The failure of the United States to convince the Australian government to send one vessel to aid coalition efforts to deter Houthi disruption of international shipping in the Red Sea was a veritable storm whipped up in a teacup. The entire exercise, dressed as an international mission titled Operation Prosperity Guardian, is intended as a response to the growing tensions of the ongoing Israel-Hamas War.
Washington has made no secret of the fact that it wants to keep Iran away from Israel’s predations by deterring any provocative moves from Teheran’s proxies. But Israel’s murderous war in the Gaza Strip is not exactly selling well, and a special coalition is being seen as something of a distracting trick. But even within this assembly of states, the messages are far from uniform.
France’s Defence Minister, for instance, has promised that its ships would remain under French command, supplementing an already pre-existing troop presence.

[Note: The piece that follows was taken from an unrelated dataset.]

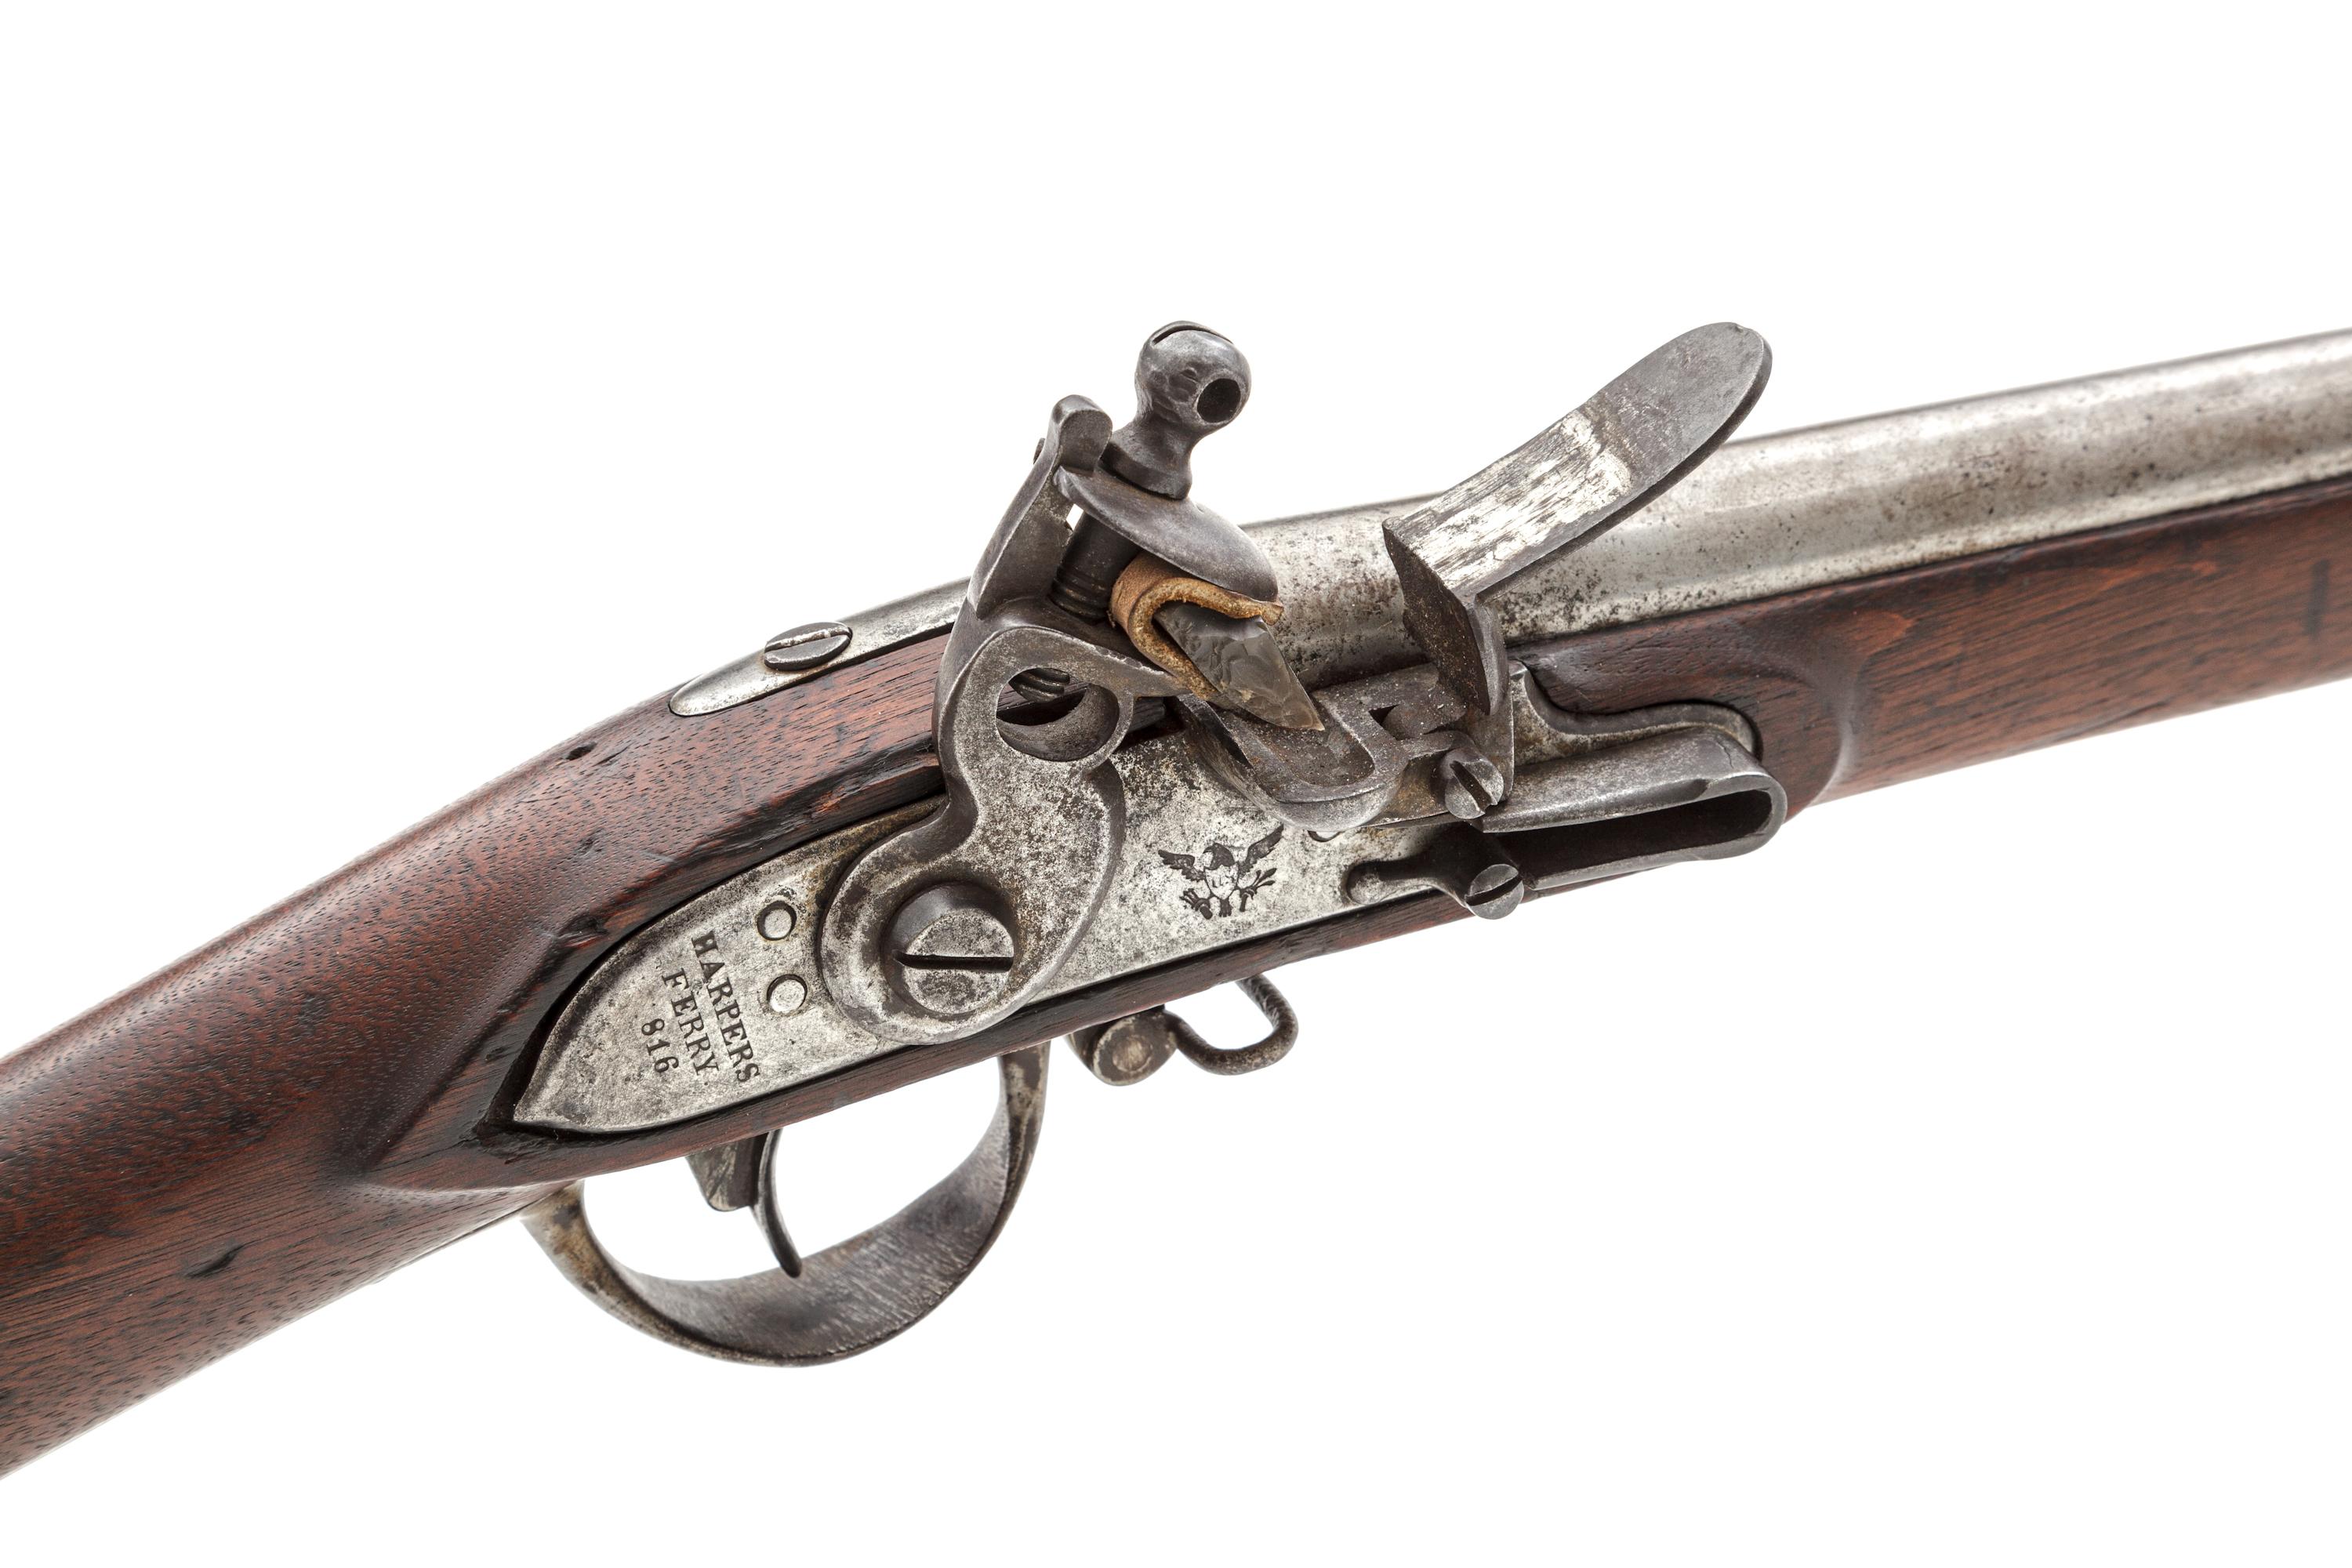 Harpers Ferry Model 1816 Flintlock Infantry Musket

Italy’s Defence Ministry, in sending the naval frigate Virginio Fasan to the Red Sea, has its eye on protecting the interests of Italian shipowners, clarifying that the deployment would not take place as part of Operation Prosperity Guardian. Likewise Spain, which has noted that EU-coordinated and NATO-led missions took priority over any unilateral Red Sea operation.
To that end, the Australian government has been unusually equivocal. In recent months, the tally of obedience to wishes from Washington has grown. But on the issue of sending this one vessel, the matter was far from certain. Eventually, the decision was made to keep the focus closer to home and the Indo-Pacific; no vessel would be sent to yet another coalition effort in the Middle East led by the United States.
The sentiment, as reported in The Guardian Australia, was that Australia would reduce its naval presence in the Middle East “to enable more resources to be deployed in our region.” In doing so, Canberra was merely reiterating the position of the previous Coalition administration.
In October 2020, the Morrison government announced an end to the three-decades long deployment of the Royal Australian Navy (RAN) in the Middle East. Then Defence Minister Linda Reynolds revealed that Australia would no longer be sending a RAN ship to the Middle East on an annual basis, and would withdraw from the US-led naval coalition responsible for patrolling the Strait of Hormuz by 2020’s end.
It was good ground for Australia’s current Labor Prime Minister, Anthony Albanese, to build on. In his words, “We’ve actually consulted our Australian Defence Force heads about these matters and with our American friends. That’s why you’ve seen no criticism from the US administration”. When pressed for further clarification about the allegedly inadequate state of Australia’s naval capabilities, the prime minister simply affirmed the already guaranteed (and dangerous) commitment of Canberra to “the Indo-Pacific, a fairly large region that we look after” with “our American friends.”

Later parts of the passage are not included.